GEOGRAPHY_POINT		A geospatial location identified by its latitude and longitude. Requires 16 bytes of storage.
VARCHAR()	String	Variable length text string, with a maximum length specified in either characters (the default) or bytes. To specify the length in bytes, use the BYTES keyword after the length value. For example: VARCHAR(28 BYTES).
VARBINARY()	byte array	Variable length binary string (sometimes referred to as a "blob") with a maximum length specified in bytes
TIMESTAMP	long, VoltDB TimestampType	Time in microseconds
^[a]For integer and floating-point datatypes, VoltDB reserves the largest possible negative value to denote a null value. For example -128 is interpreted as null for TINYINT, -32768 for SMALLINT, and so on.

The following limitations are important to note when using the CREATE TABLE statement in VoltDB:

CHECK and FOREIGN KEY constraints are not supported.
VoltDB does not support AUTO_INCREMENT, the automatic incrementing of column values.
A table can have up to 1024 columns. Each column has a maximum size of 1 megabyte and the total declared size of all of the columns in a table cannot exceed 2 megabytes. For VARCHAR columns where the length is specified in characters, the declared size is calculated as 4 bytes per character to allow for the longest potential UTF-8 string.
If you intend to use a column to partition a table, that column cannot contain null values.

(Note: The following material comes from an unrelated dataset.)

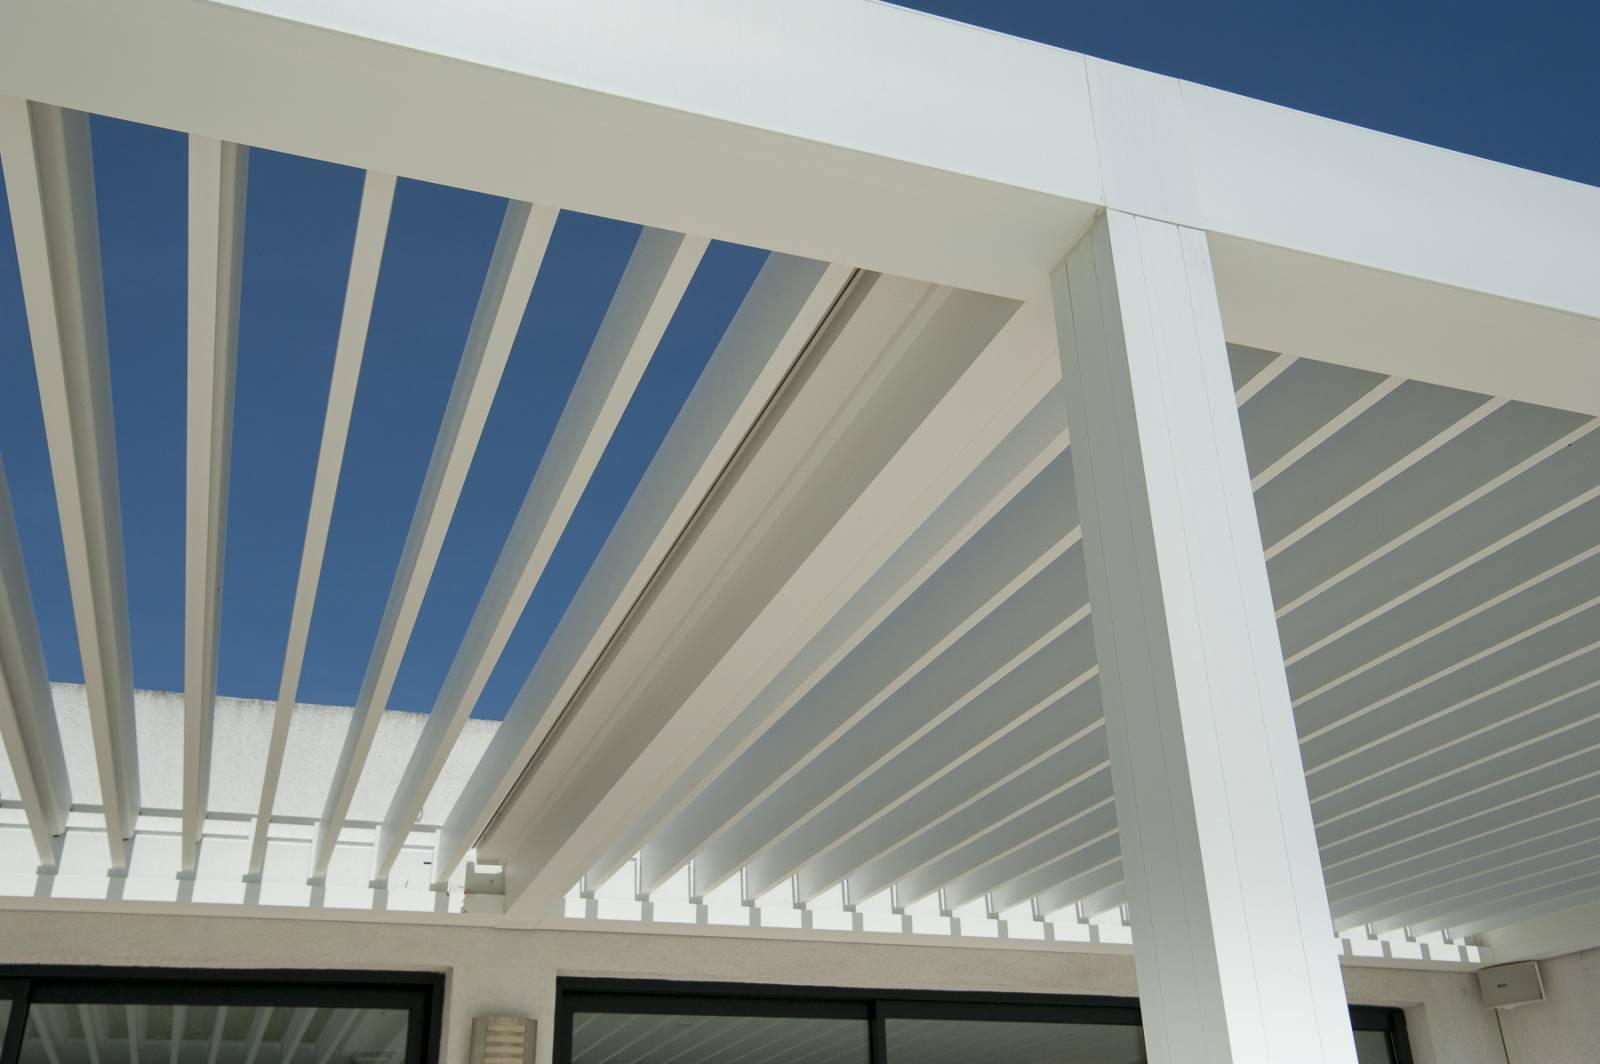 Alu Design Vaison La Romaine rÉalisation pergola bioclimatique aluminium camargue salon

You must specify NOT NULL in the definition of the column or VoltDB issues an error when compiling the schema.
To specify an index — either for an individual column or as a table constraint — that is globally unique across the database, use the standard SQL keywords UNIQUE and PRIMARY KEY. However, for partitioned tables, VoltDB can only ensure uniqueness if the index includes the partitioning column. Otherwise, these keywords are not allowed.
It can be a performance advantage to define indexes or constraints on non-partitioning columns that you, as the developer, know are going to contain unique values. Although VoltDB cannot ensure uniqueness across the entire database, it does allow you to define indexes that are assumed to be unique by using the ASSUMEUNIQUE keyword.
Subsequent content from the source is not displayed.